The relationships between etiology, age at onset and electroclinical findings were examined in 77 children with temporal lobe epilepsy (TLE) reported from University of Verona, Verona, and Niguarda Hospital, Milan, Italy. Age at onset was < 3 years in 39 patients, 3 to 6 years in 17, and > 6 years in 21. Seizures began with staring, lip cyanosis, and oral automatisms; auras were more common after age 6 years. Video-EEG recordings documented seizures starting independently in both temporal lobes. Three subgroups of TLE were recognized: 1) Symptomatic TLE caused by cortical malformation or tumor; 2) TLE with mesial temporal sclerosis; and 3) cryptogenic TLE. Thirty two patients underwent surgical treatment. [1]

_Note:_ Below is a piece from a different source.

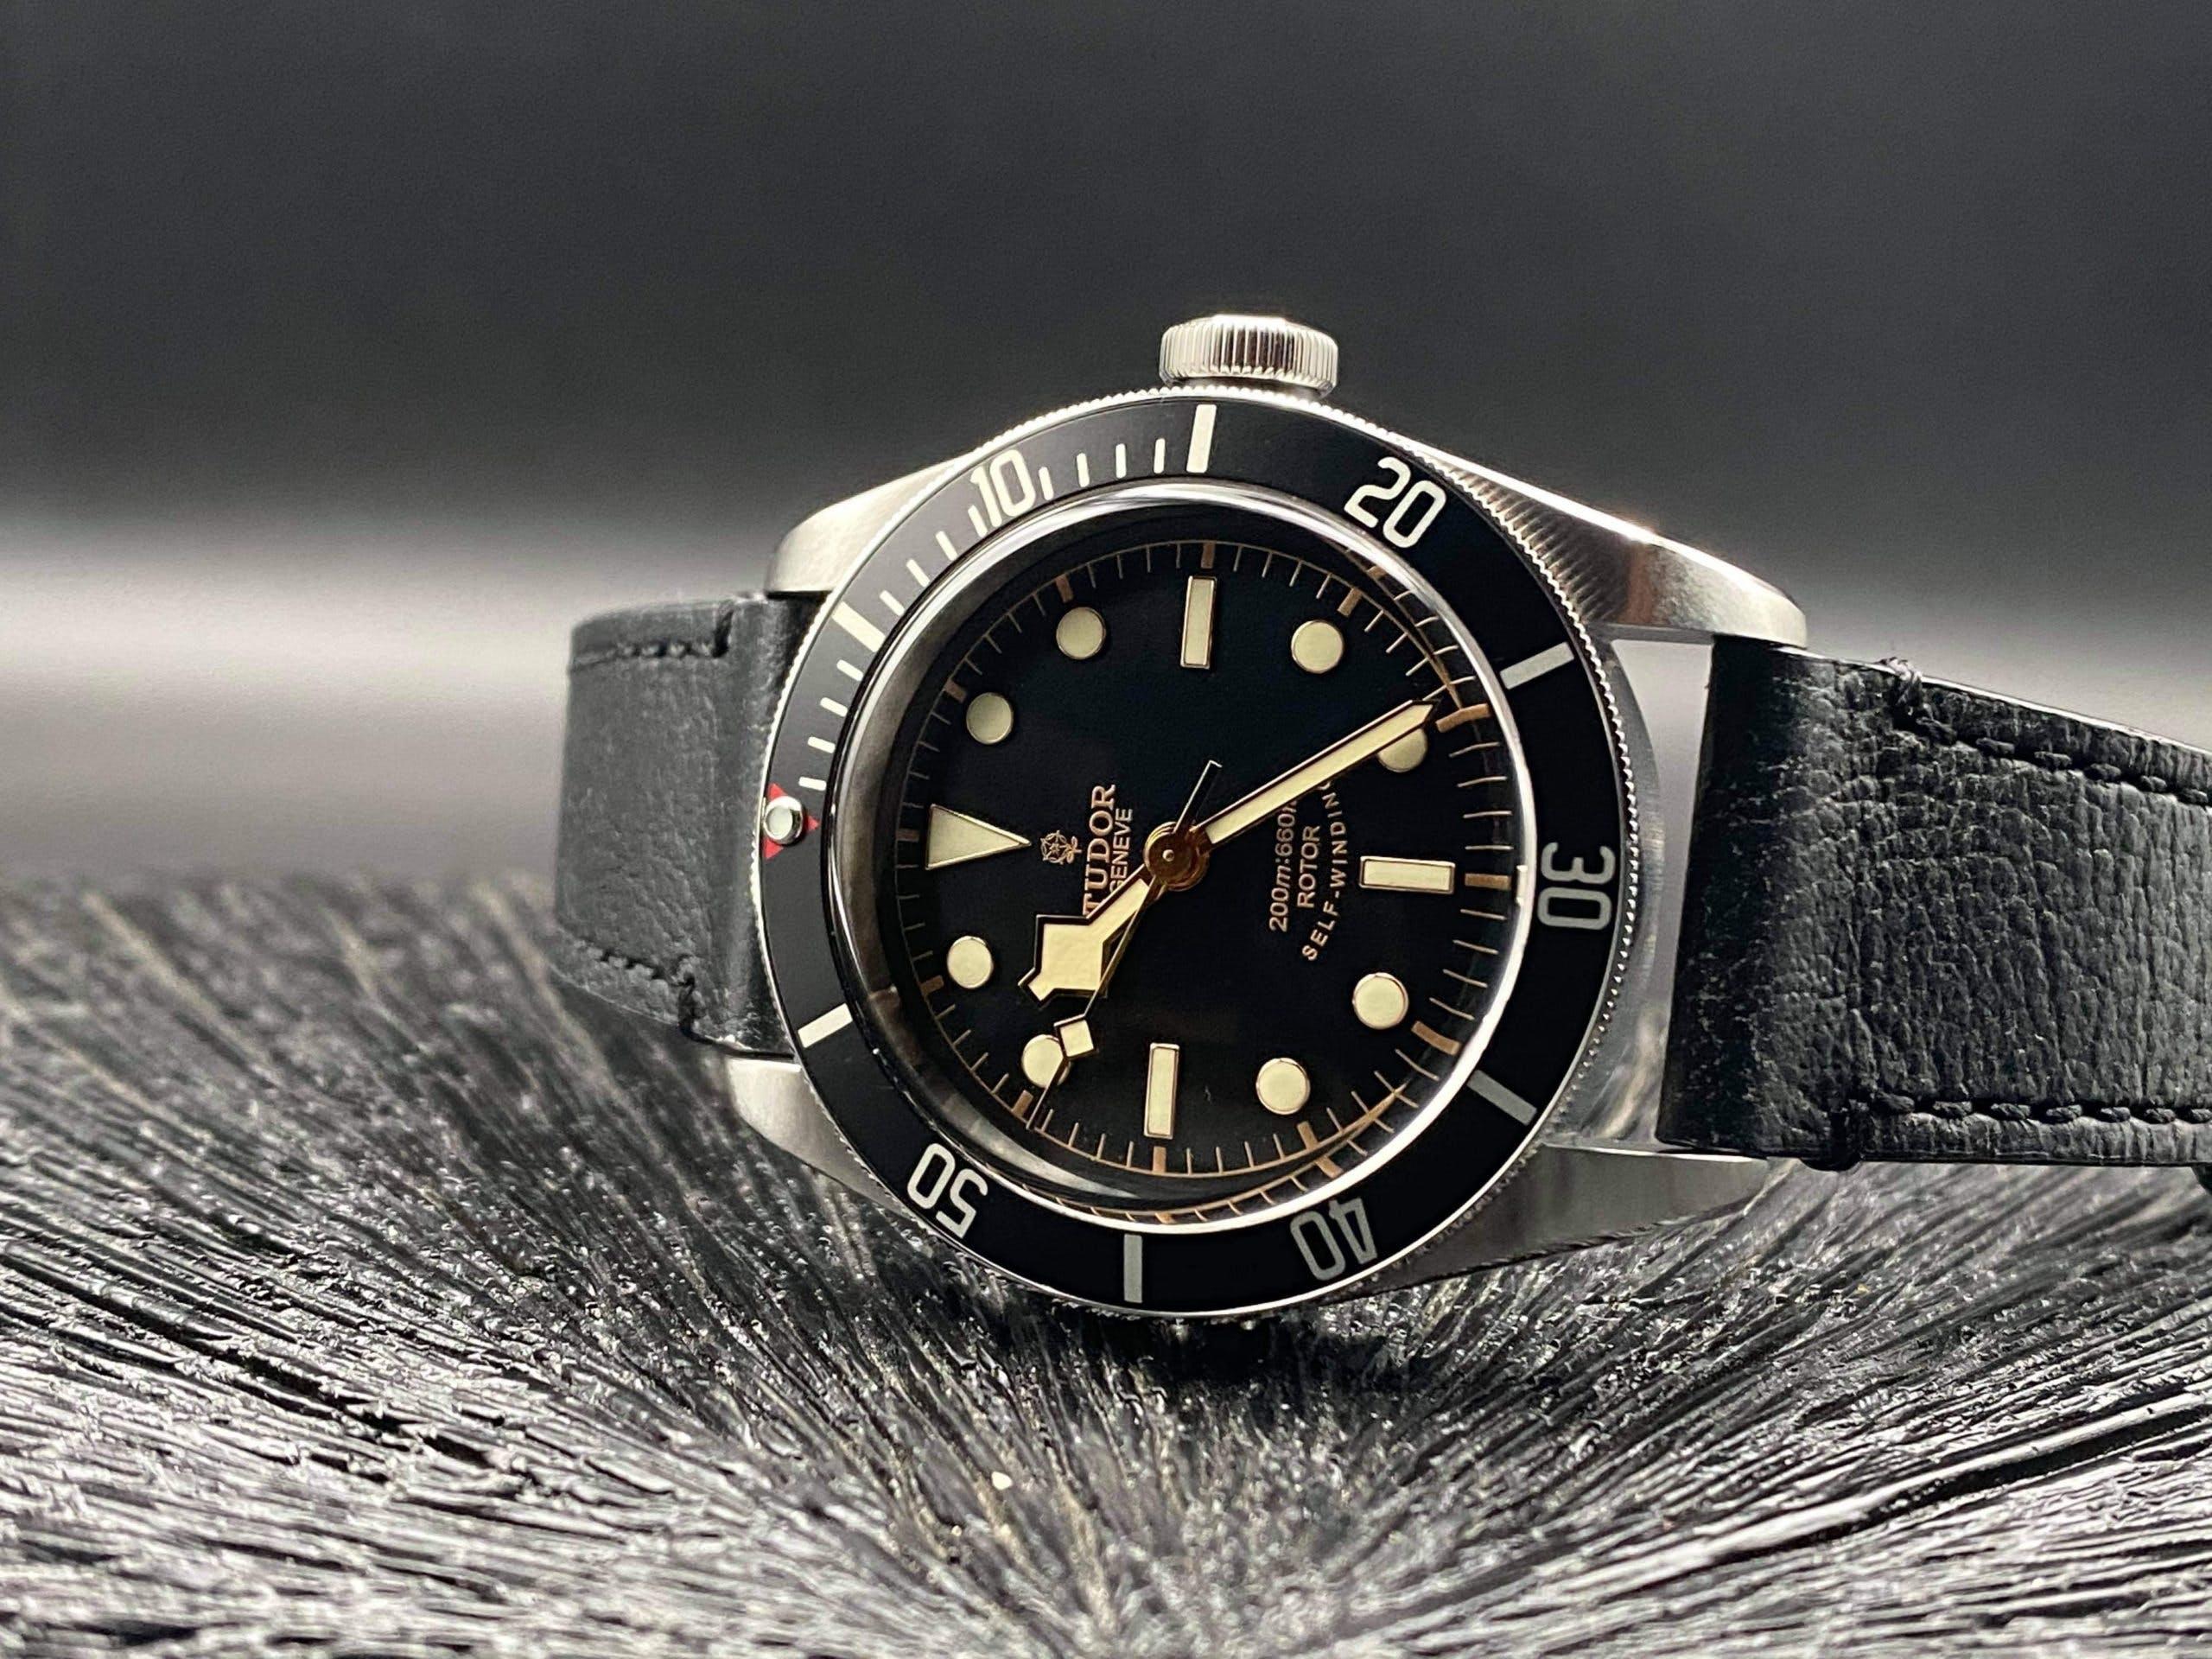 Tudor Black Bay ref. 79220N

COMMENT. Video-EEG recording of seizures is essential for correct diagnosis and localization of TLE in young children. In cases lacking neuroradiological correlation, a repeat video-EEG may be needed at follow-up. Wyllie E et al [2], in a previous electroclinical study of 14 children aged 16 months to 12 years, also demonstrated the value of video-EEG recordings in pre-surgical localization of the epileptogenic zone in children with TLE, especially in cases with mesial sclerosis and without tumor. In 9 with low grade neoplasms, the EEG findings were complex, including multifocal interictal sharp waves or falsely lateralized EEG seizure onset. An excellent surgical outcome is reported in 19 patients with mesial temporal sclerosis following prolonged complex febrile seizures and treated at the Montreal Neurological Institute [3]. Ictal SPECT was superior to ictal EEG in localizing value in a study of 15 children with TLE, aged 7-14 years, at Royal Children's Hospital, Melbourne, Australia [4].